Скажем, Древняя Греция с ее первобытной демократией (и все же, демос – против олигархии), просуществовав около пяти веков, Древний Рим с его первобытной республикой (рабы и плебеи против патрициев), просуществовав около четырех веков, причем, почти одновременно, дали человечеству куда больше для гуманного мышления, чем, скажем, дала потом Византия с ее менее резко выраженным классово-сословным антагонизмом (не называя себя ни «демократией», ни «республикой»), просуществовав около одиннадцати веков!.. Не Эпоха Возрождения родила гуманизм, как принято считать, она его утверждала. Корни его столь же древние, как сам род человеческий…
Думается, одной из причин существования в России великой классики, ее общечеловеческого гуманного пафоса, в том, что у нее было это великое «во имя»!.. Сперва против самодержавия и крепостничества, затем против самодержавия и зарождавшейся власти денег, и всегда против бесправия и небывалых страданий самого массового и угнетенного класса в первую голову – крестьянства… Думается, нигде крестьянство не было так обездолено, как в России. Достаточно вспомнить, что Запад фактически не знал крепостного права над своим крестьянством, не знал и великую совестливость нашей литературы.

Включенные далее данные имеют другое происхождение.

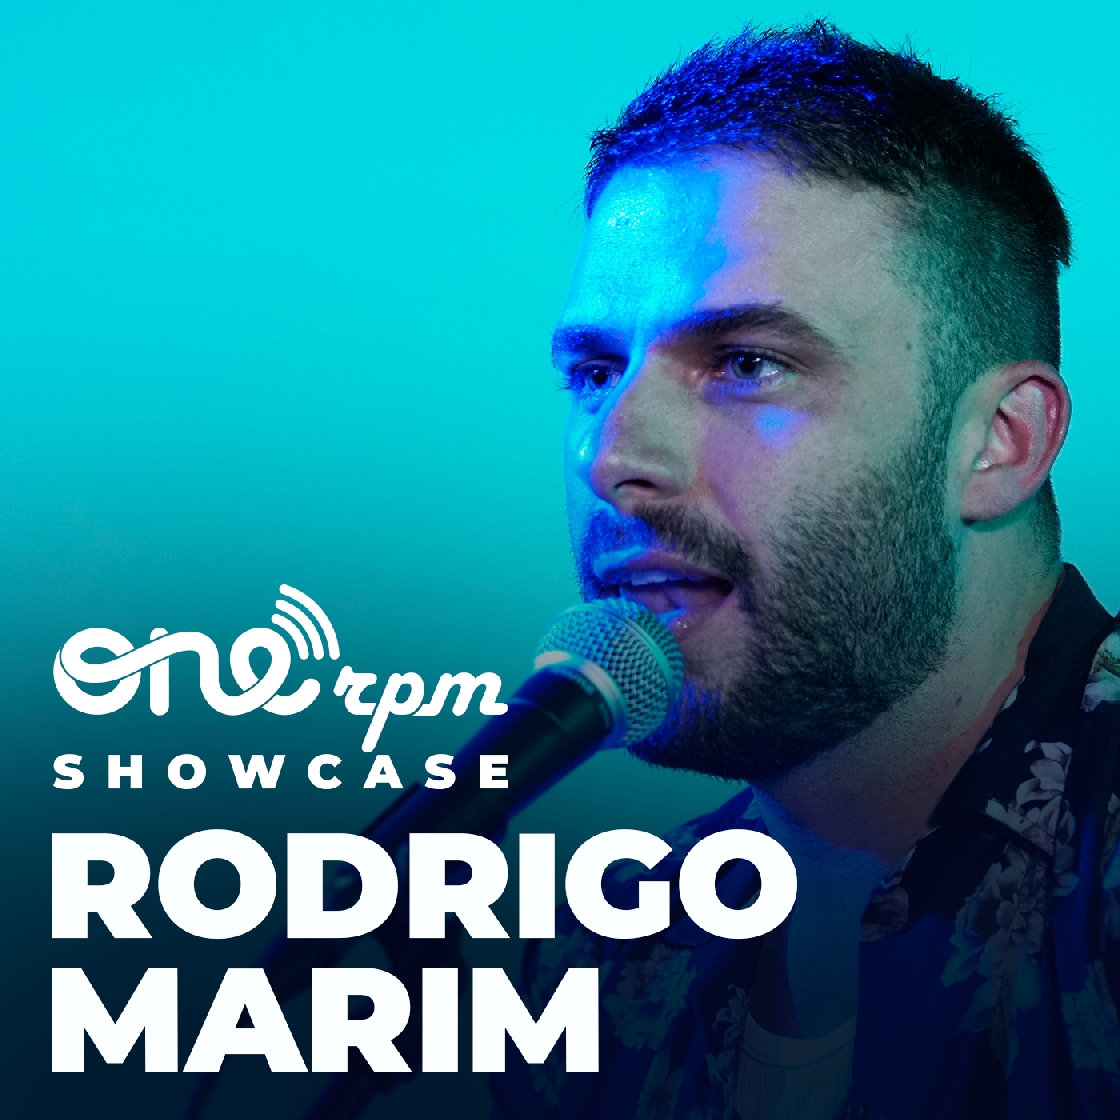 Rodrigo Marim chega ao ONErpm Showcase e apresenta duas versões inéditas 41

В нашем обществе давно уже нет классового антагонизма и прежнего – святым состраданием своим – «во имя». Но, к счастью, все же сохранилось от классики традиционное служение у нашей литературы – «во имя человека»! И пусть современные наши писатели сейчас не создают – каждый сам по себе – литературной эпохи, зато они создают образ небывало усложнившегося времени!.. А там, движущаяся история литературы многое уточнит в свершившейся истории литературы. Уточняется и традиционно почитаемая классика, многое значительное предстает из забвения. Начертательность процесса – и неоднонаправленная, и не прямолинейная!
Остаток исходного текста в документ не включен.